What I don't understand is that if you believe your users are idiots doesn't that mean you need to design a product that an idiot can use?

Berating users is just ridiculous and does nothing but harm the product. I am seriously pissed off at this culture of "we know best." It is a disconnect from the userbase and we've constantly seen it lead to the product being overtaken by a company that doesn't follow this principle.


Like every other part of Google support, there aren't any google employees actually involved. "Diamond Product Expert" is just a tag a community user can earn by getting enough points.


I'm not sure how that makes things better. In fact, I think it makes things worse. You're letting random people that are self described experts? That's a great way to create a toxic environment. Every single place I've gone to that has a "community support" that actual employees rarely or never visit has been extremely toxic and unhelpful. They create feedback loops for this toxicity and "in crowd."


That, to me, is precisely the problem.


Actually providing support to users would require hiring a lot of people and maybe actually empowering them to take actions that were helpful; but, probably empowering them opens security concerns, so they'd just tell you to use the self-service things that are probably broken anyway. So that option is not a good use of Google's resources.

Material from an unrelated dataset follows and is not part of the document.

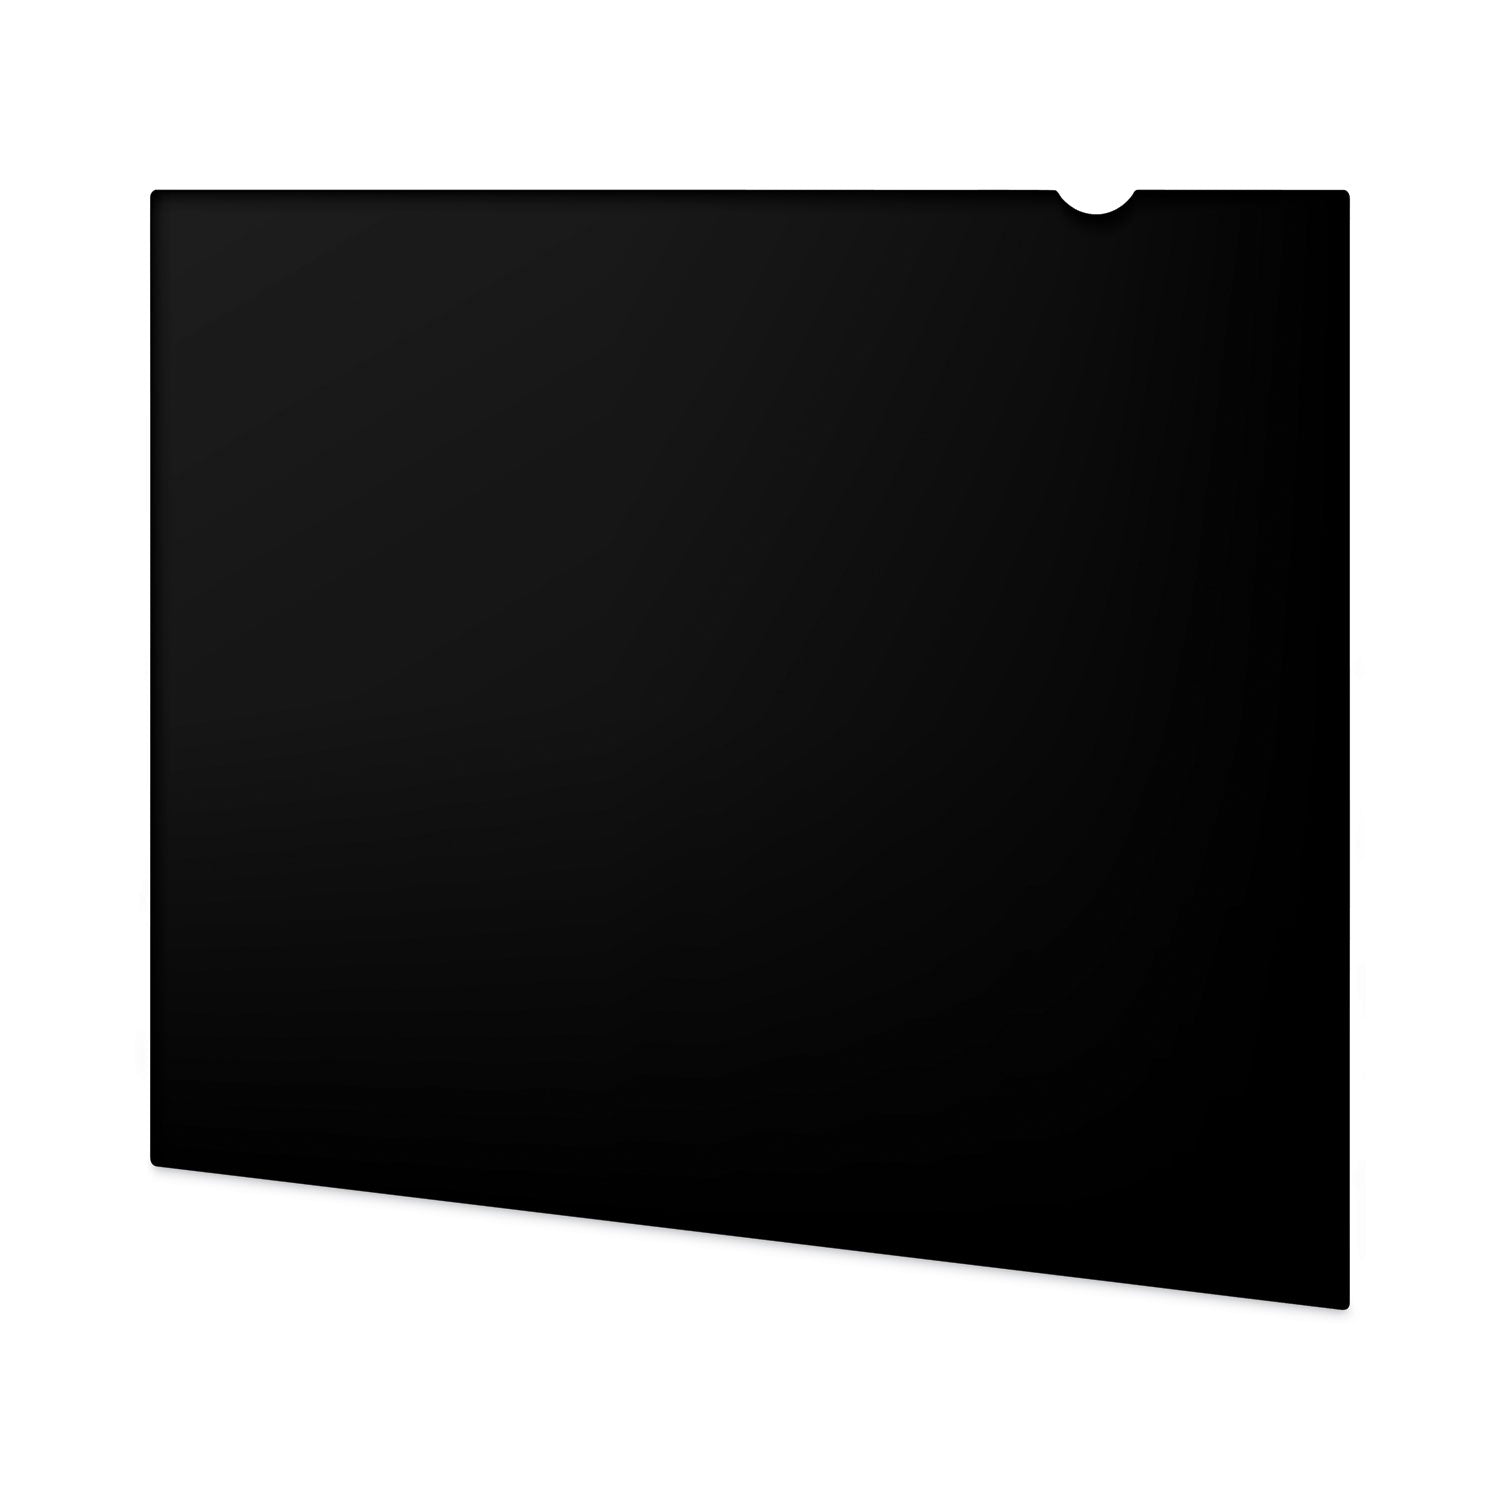 Blackout Privacy Filter for 21.5" Widescreen Flat Panel Monitor, 16:9 Aspect Ratio -

Moderating a community self-help site well requires a lot of people too, so just leaving it to the community seems like the only option for Google.

I've seen a lot of companies try these sites, and they start with real employees putting real responses, but it quickly spirals into unanswered questions and terribleness. The only ones that work are where there are lots of company paid moderators keeping things focused and productive, but I'm sure management thought community support was going to reduce support costs.


I’m fine blaming both. A poor platform doesn’t excuse toxic behavior.